● **Brief**
Restate the data word for word and leave the images out.

● **Available data**
---

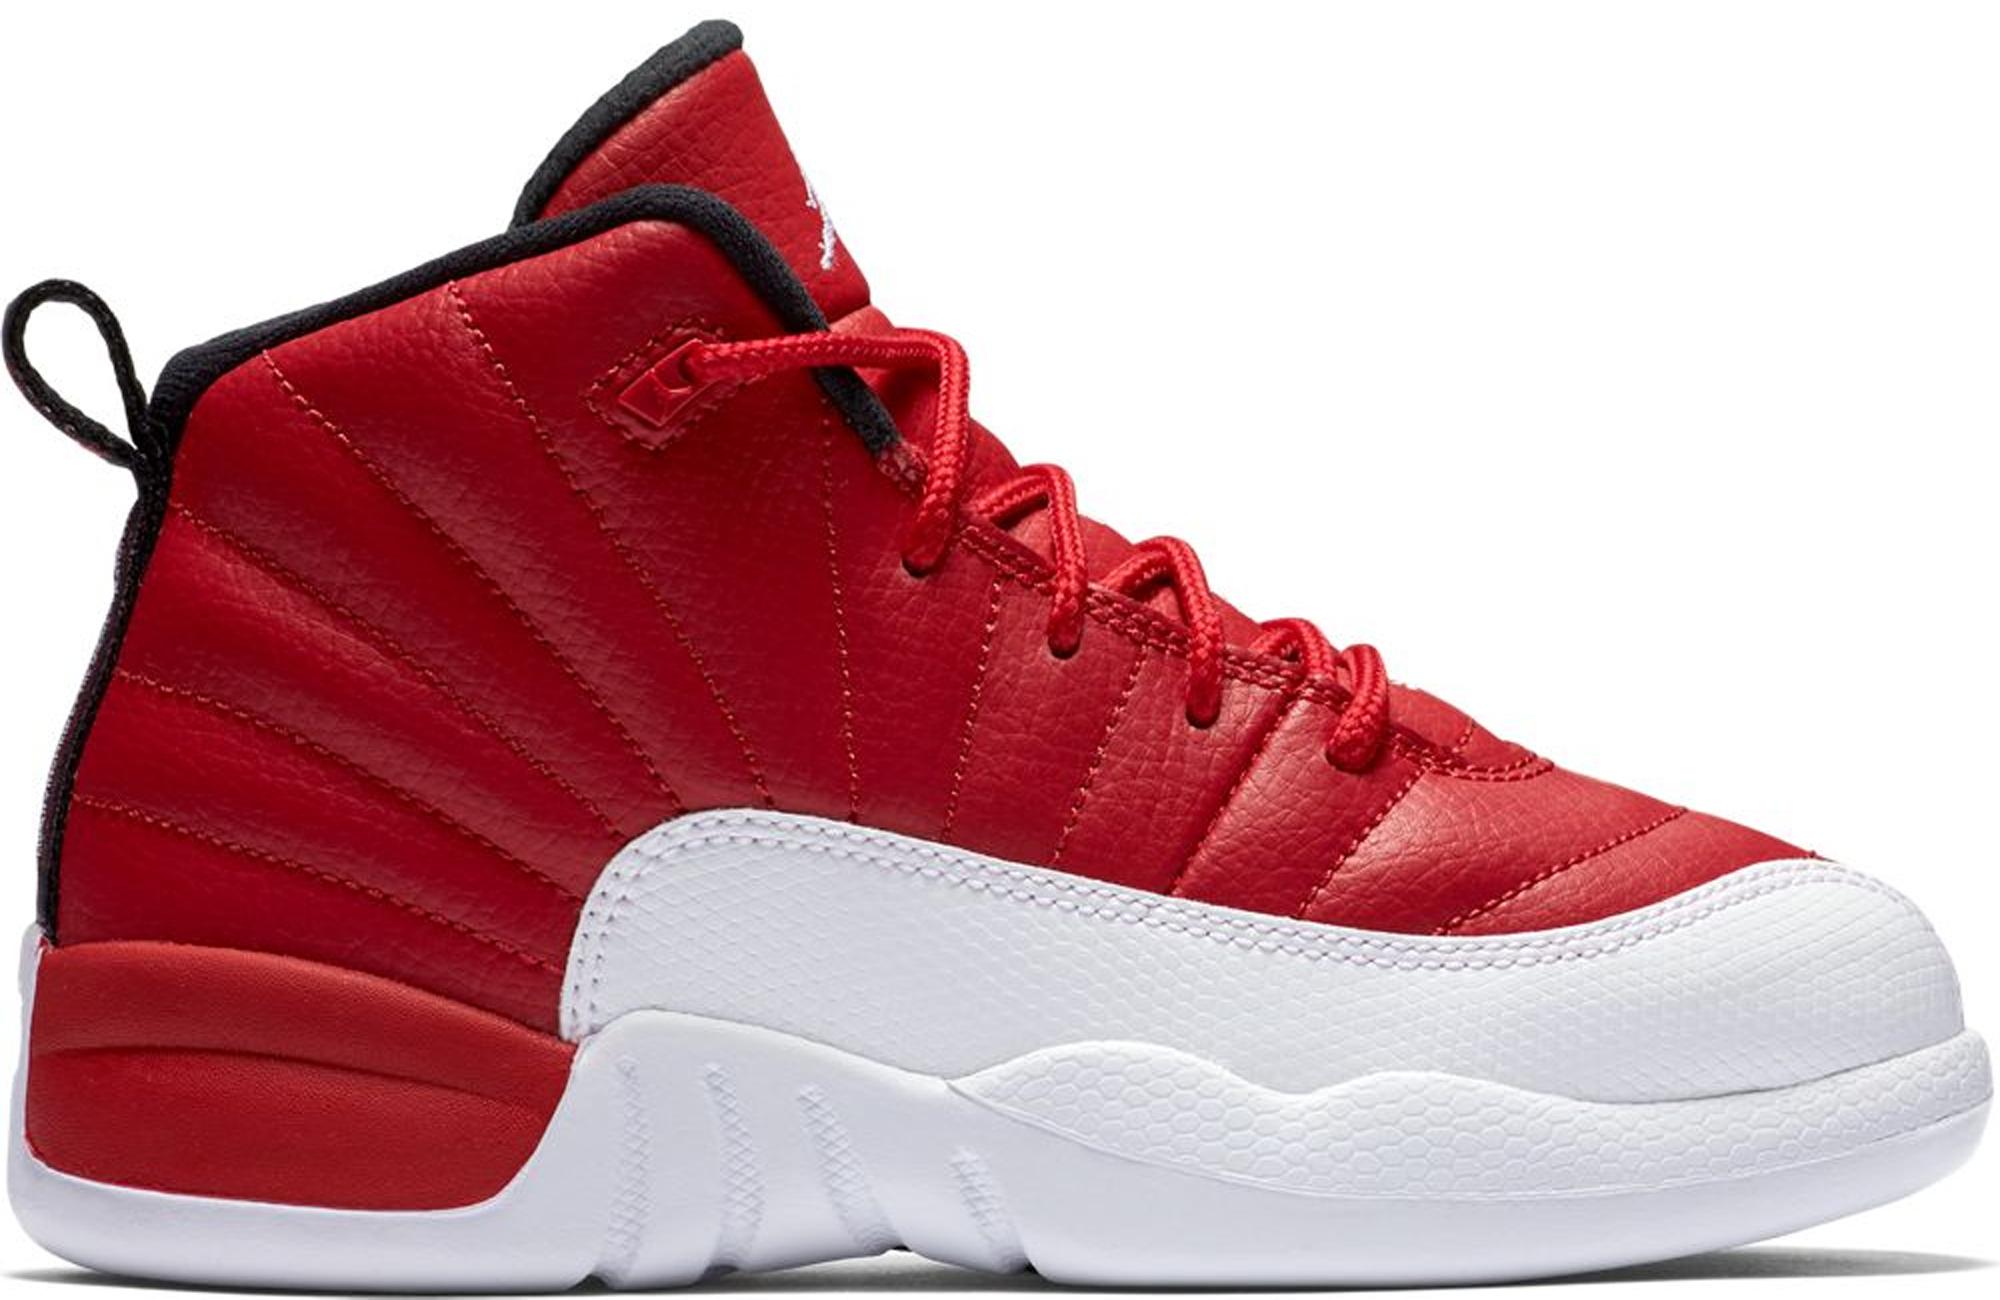 Jordan 12 Retro Alternate (PS) - 151186-600
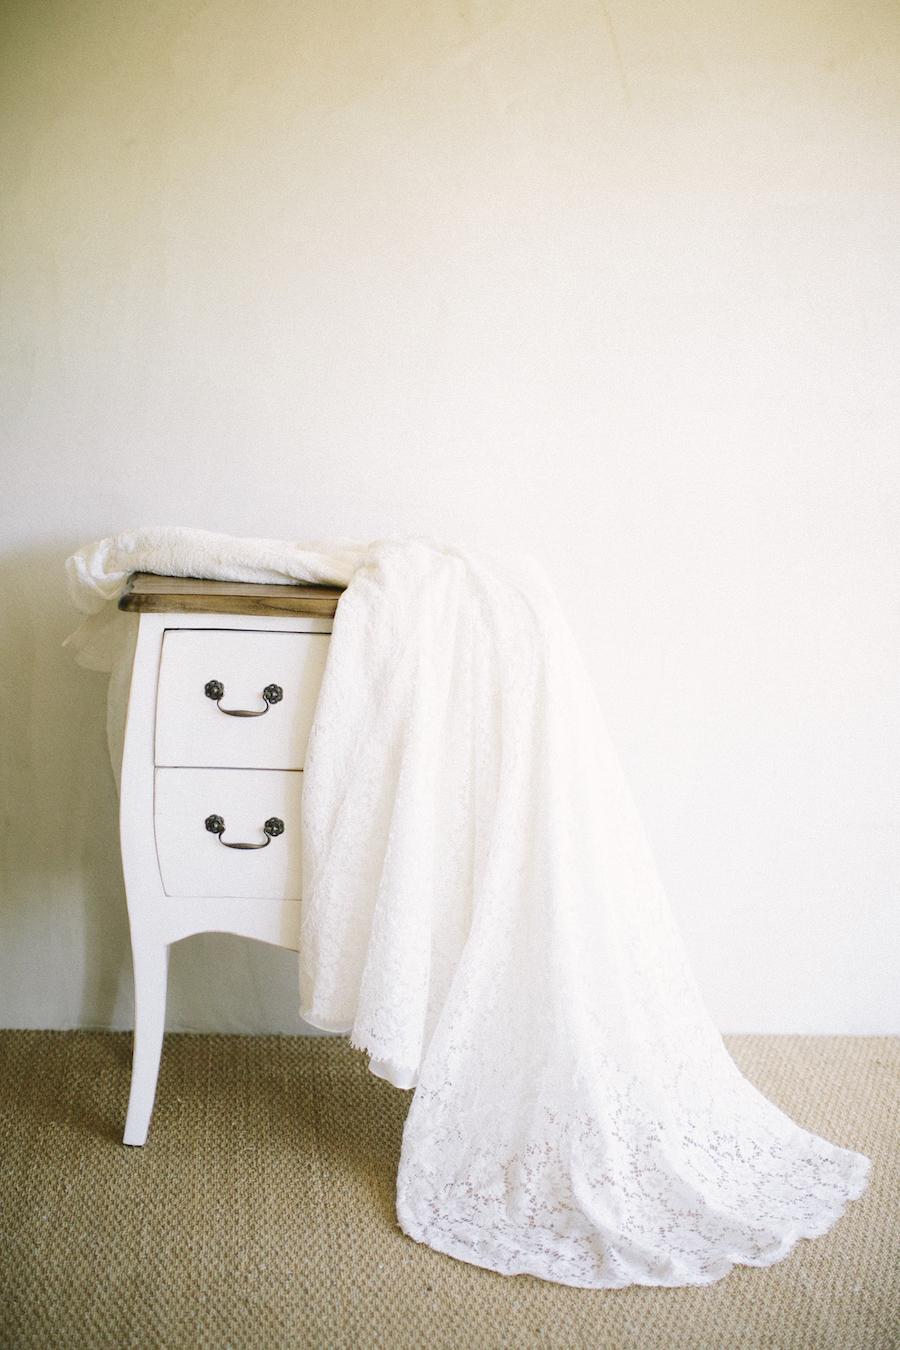 saya-photography-rustic-french-wedding-provence-domaines-de-patras-wedding-dress-.jpg
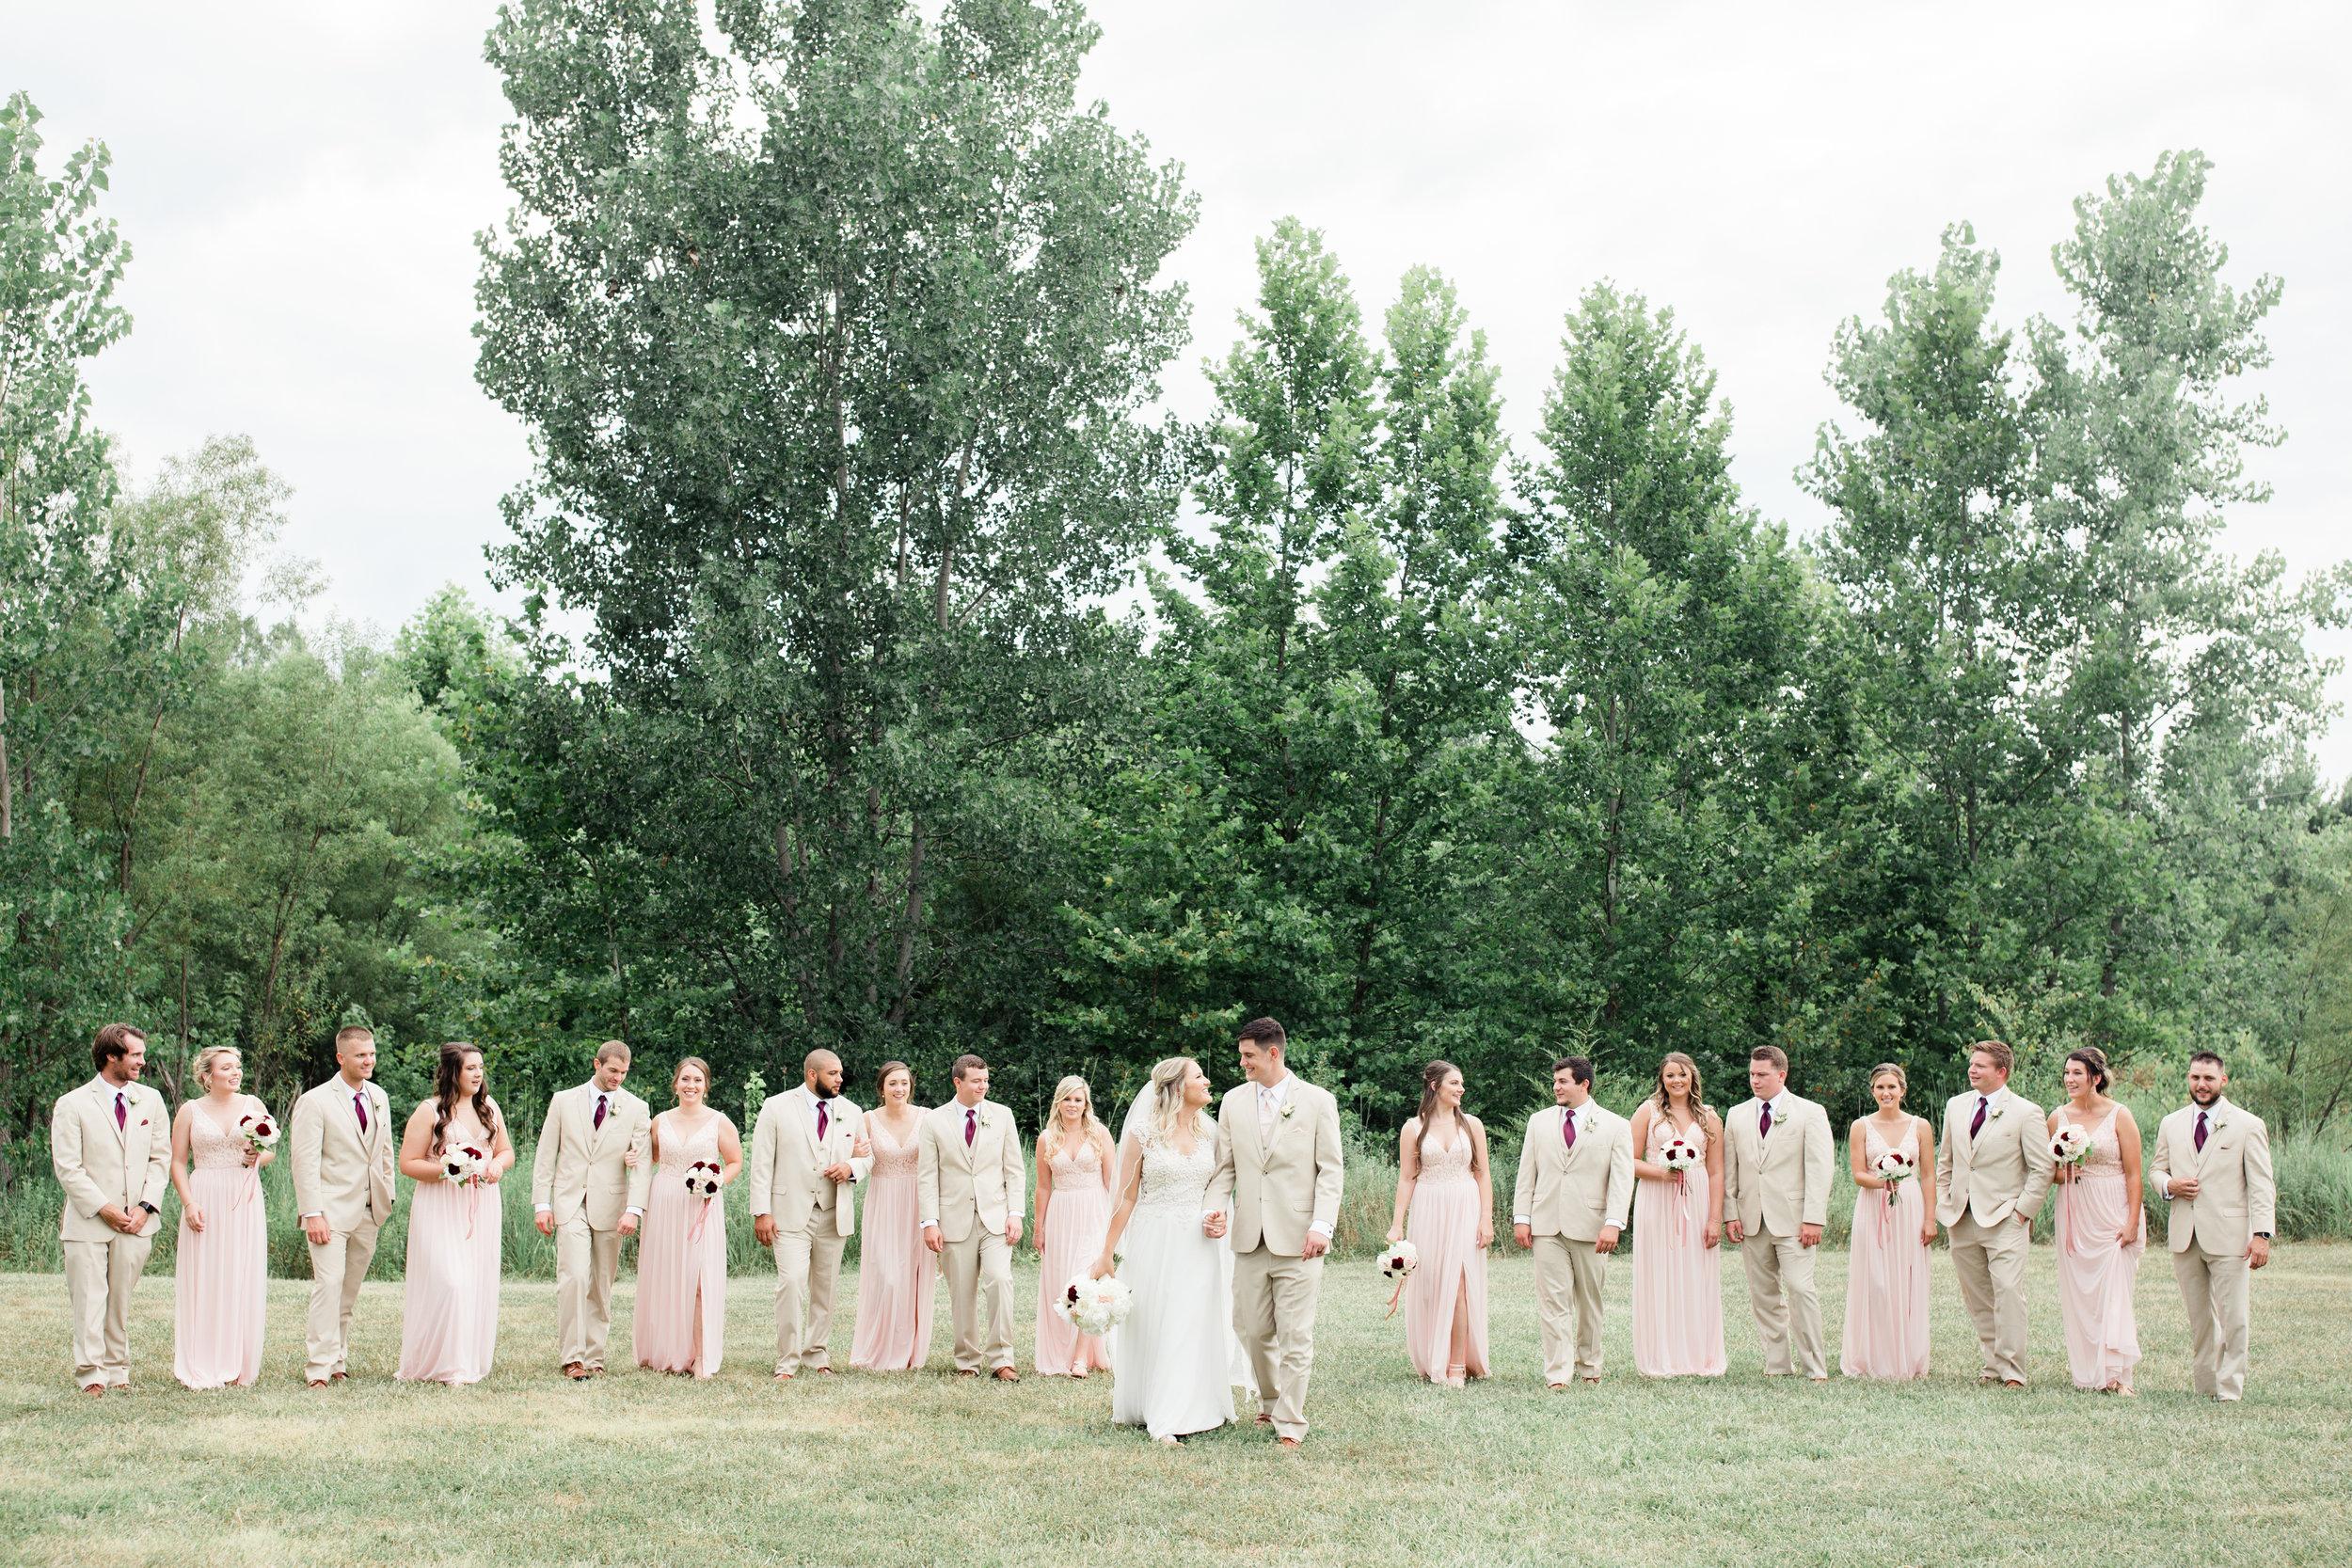 Dorothy_Louise_Photography_Marissa_Jake_Wentzville_MO_Wedding-125-2.jpg

---

● **Answer area**
 Jordan 12 Retro Alternate (PS) - 151186-600
 saya-photography-rustic-french-wedding-provence-domaines-de-patras-wedding-dress-.jpg
 Dorothy_Louise_Photography_Marissa_Jake_Wentzville_MO_Wedding-125-2.jpg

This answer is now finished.